Après trois mois de traitement aux trois semaines, Mme Beaudin dit qu’elle «pète le feu».

La masse rétrécit, la douleur a disparu, mais surtout elle a repris une vie normale. Elle peut travailler et éviter les problèmes financiers qui suivent trop souvent les gens luttant contre un cancer. En plus de continuer de voir grandir ses deux plus jeunes enfants, âgés de quatre et cinq ans.
Même s’il est trop tôt pour parler de rémission, Mme Beaudin estime qu’elle a peut-être déjà gagné deux ans de vie, alors qu’elle serait déjà morte sans les traitements.
Un cancer qui n’est plus une «peine de mort»
Un diagnostic de mésothéliome, un cancer causé par l’amiante, était comme «une peine de mort» avant l’arrivée de traitements d’immunothérapie l’an dernier, selon une chercheure du CHUM.

«D’avoir de l’espoir et un traitement efficace comme ça, c’est vraiment très encourageant», se réjouit l’hémato-oncologue Marie Florescu, au Centre universitaire de l’Université de Montréal (CHUM).

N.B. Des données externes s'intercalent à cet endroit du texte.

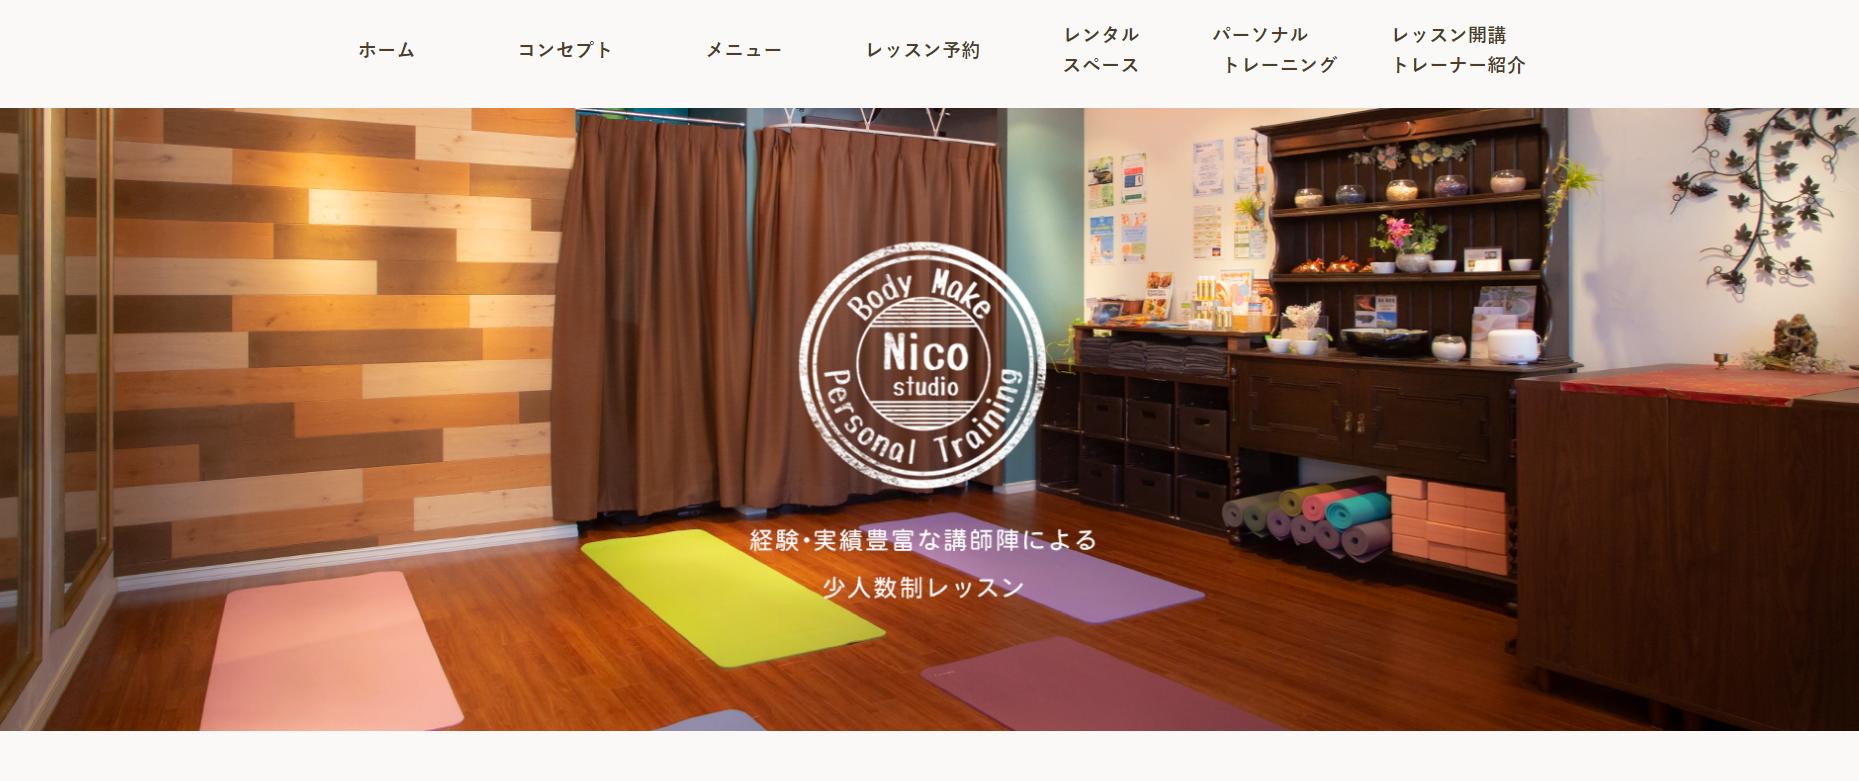 Nico Studio(ニコスタジオ)

L’an dernier, un médicament à injection intraveineuse a été approuvé par Santé Canada et est désormais remboursé par la Régie de l’assurance maladie du Québec, explique-t-elle.
Les études cliniques ont montré des taux de survie de 41 % auprès de plus de 600 patients, poursuit-elle, ajoutant que c’est avant tout une percée pour les patients.
Car avant ce traitement de double immunothérapie, qui stimule le système immunitaire, les malades n’avaient pratiquement aucune option.
La Dre Florescu souligne que certains pouvaient subir de la chimiothérapie, mais les succès étaient rares et rapidement, les médecins n’avaient que des soins palliatifs à offrir.
Survie de 7 %
Le taux de survie global après cinq ans du mésothéliome est actuellement de 7 % au Canada. Et c’est sans compter les douleurs, dit-elle.
«Un mésothéliome qui passe au travers des nerfs, des os, des muscles, ça occasionne beaucoup de souffrances par rapport à d’autres cancers», explique-t-elle.
Elle se rappelle qu’à la première visite de Karen Beaudin, qui reçoit le nouveau traitement depuis mai, elle avait trop mal pour rester assise et avait dû se coucher sur la table d’examen.
«À sa deuxième visite, elle dansait la samba. C’était vraiment spectaculaire», lance la médecin.
Le diagnostic a été plus long aussi pour Mme Beaudin, puisqu’elle n’avait pas d’exposition professionnelle à l’amiante.
La Dre Florescu se dit encouragée par les «réponses spectaculaires» des patients qu’elle suit depuis l’an dernier. Elle ajoute que contrairement à la chimiothérapie, dont les effets s’arrêtent lorsque les traitements ont cessé, l’immunothérapie réveille le système immunitaire à plus long terme.